Work to complete — Each line of the listing below must be retyped exactly, with images left out.

Recorded information —
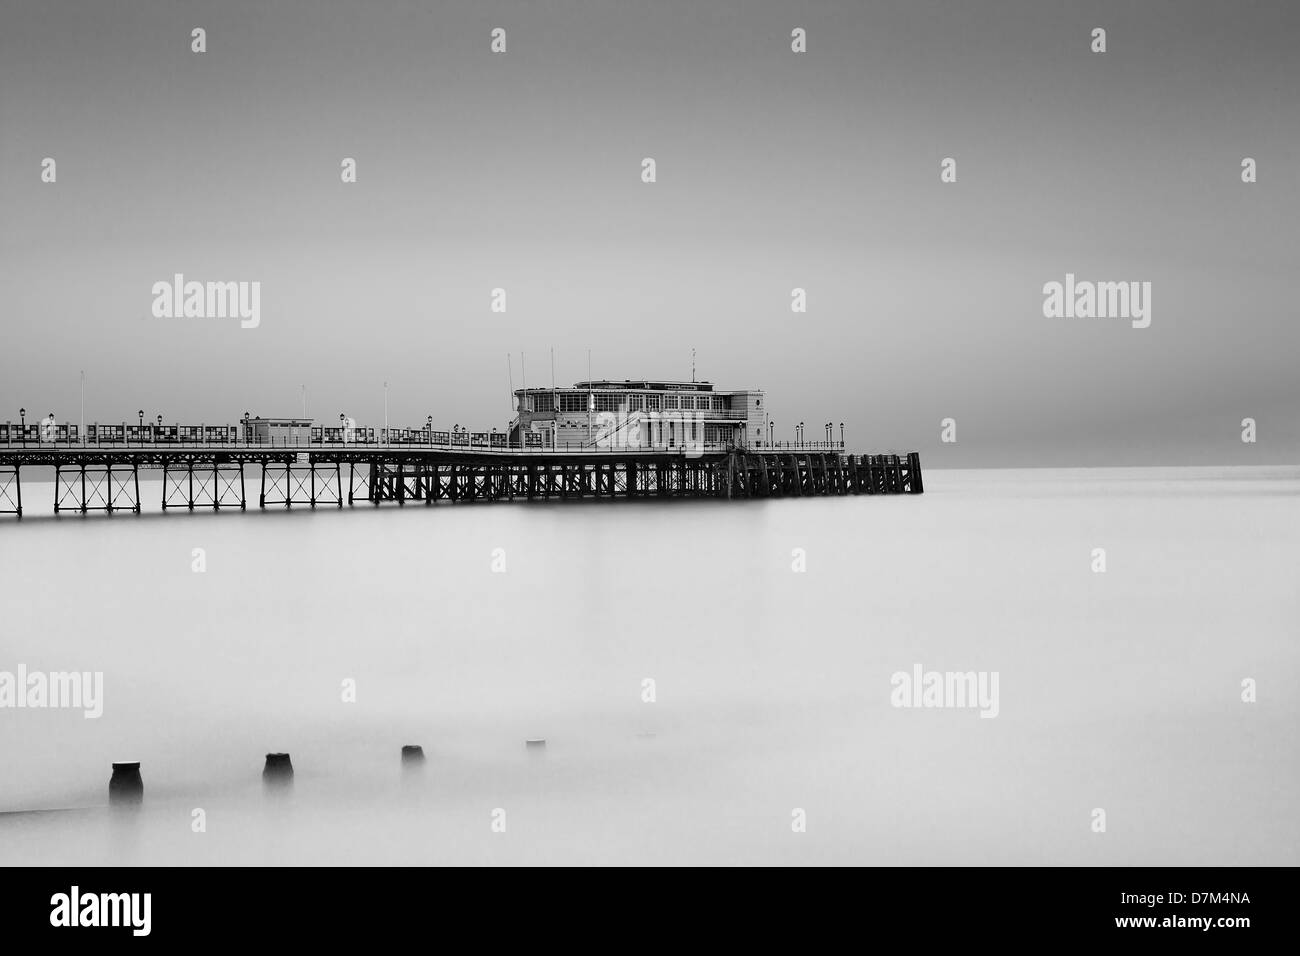 Ein Blick auf die Worthing Pier genommen mit einer langen Belichtungszeit, die Wellen zu beruhigen, es geben eine ruhige Stimmung. Stockfoto
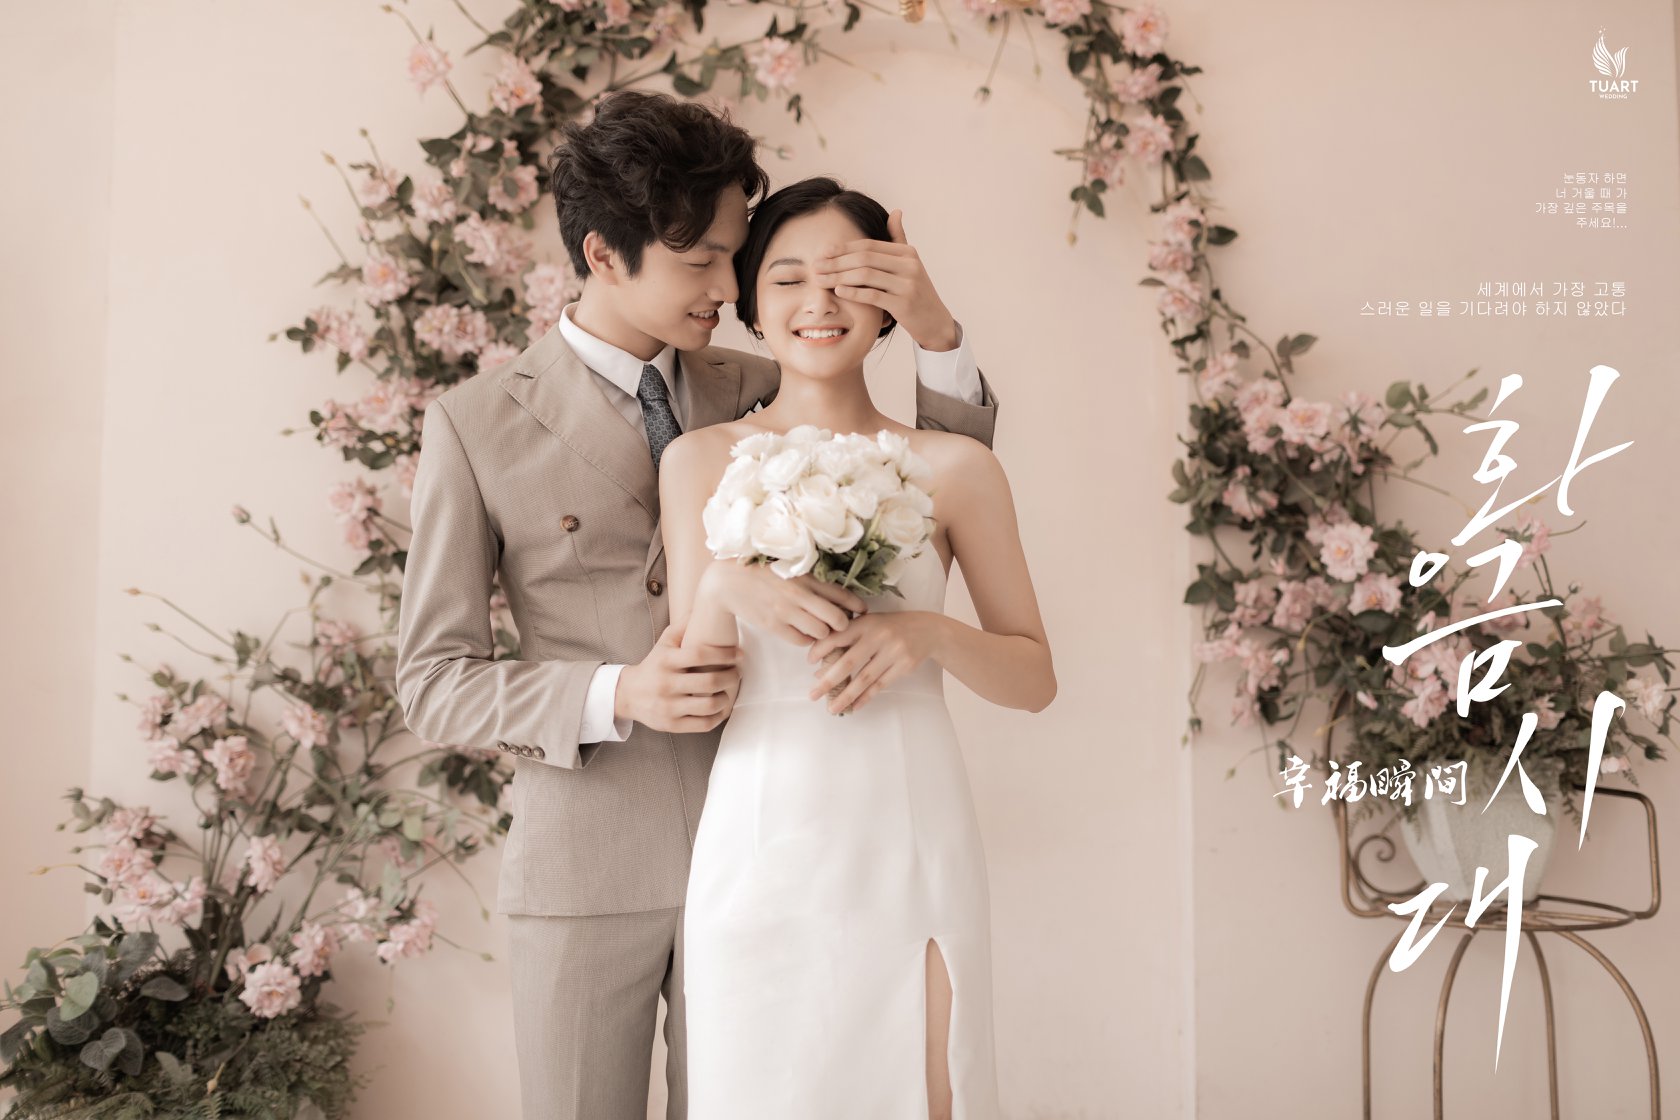 Những bức ảnh cưới Hàn Quốc đẹp như mơ sẽ khiến bạn khao khát kết hôn ngay lập tức. Cùng chiêm ngưỡng những khoảnh khắc lãng mạn và đầy tình cảm trong ngày trọng đại của đôi uyên ương này.
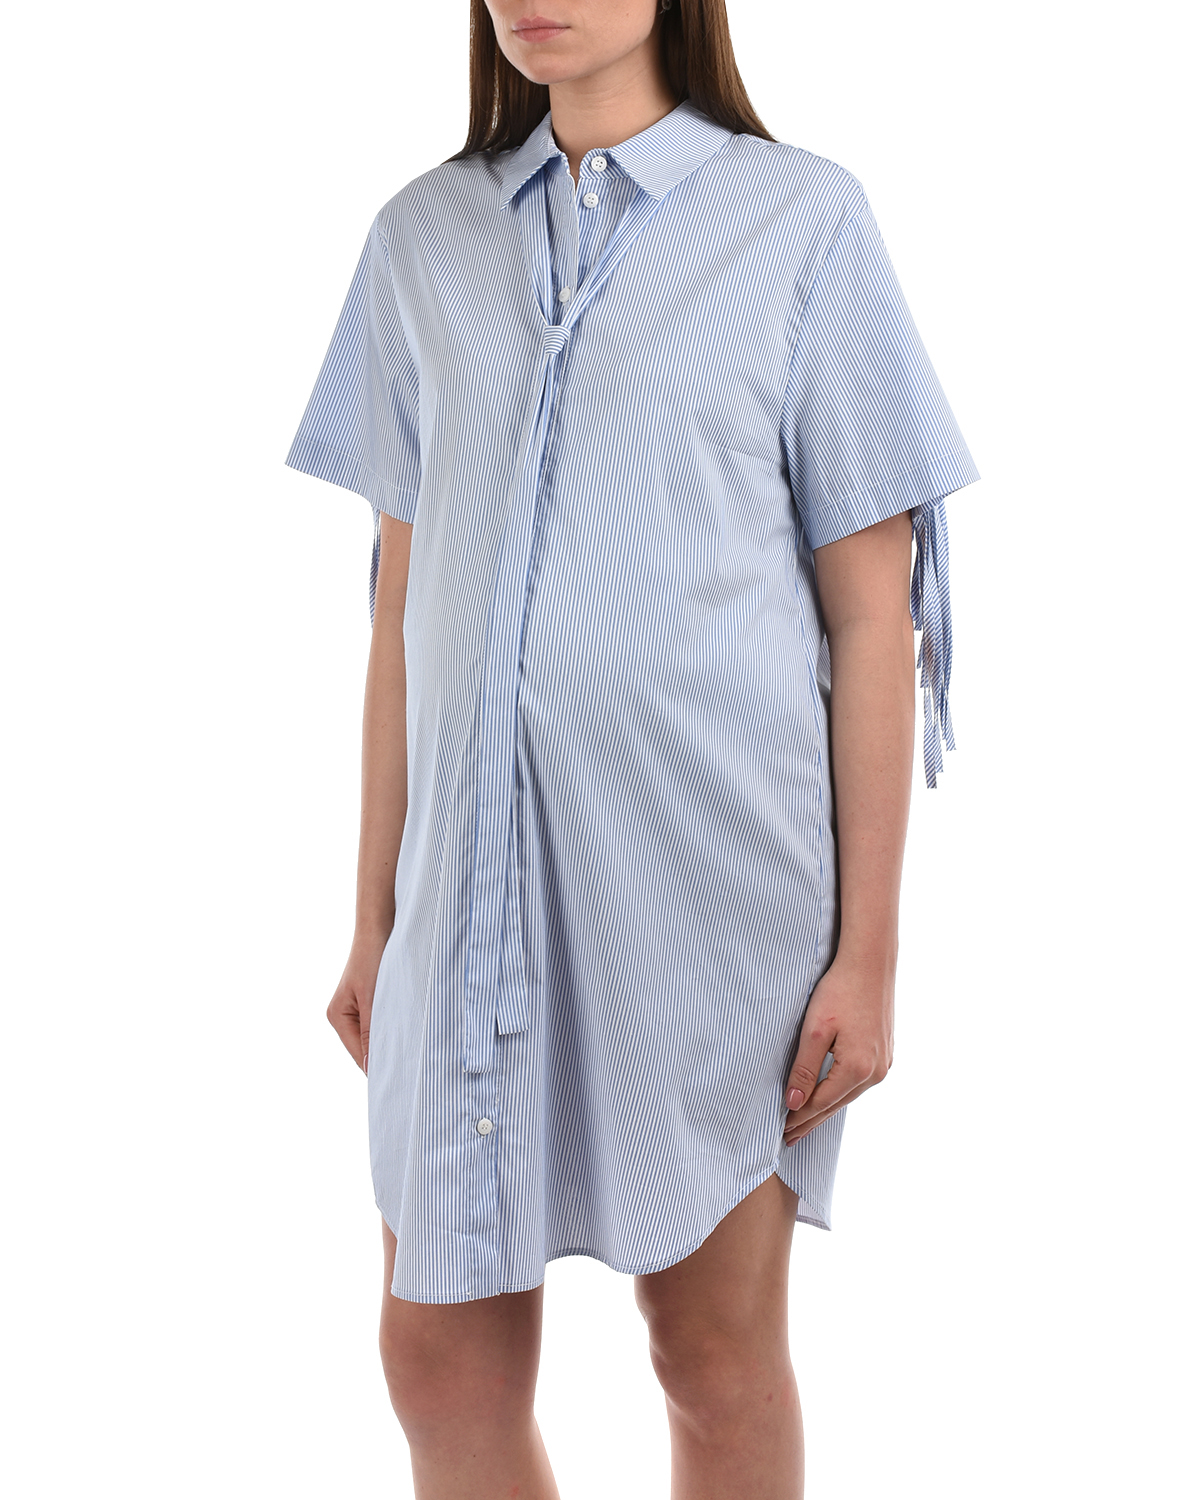 Платье-рубашка с бахромой Attesa, размер 38, цвет голубой - фото 7

Exercise output —
 Ein Blick auf die Worthing Pier genommen mit einer langen Belichtungszeit, die Wellen zu beruhigen, es geben eine ruhige Stimmung. Stockfoto
 Những bức ảnh cưới Hàn Quốc đẹp như mơ sẽ khiến bạn khao khát kết hôn ngay lập tức. Cùng chiêm ngưỡng những khoảnh khắc lãng mạn và đầy tình cảm trong ngày trọng đại của đôi uyên ương này.
 Платье-рубашка с бахромой Attesa, размер 38, цвет голубой - фото 7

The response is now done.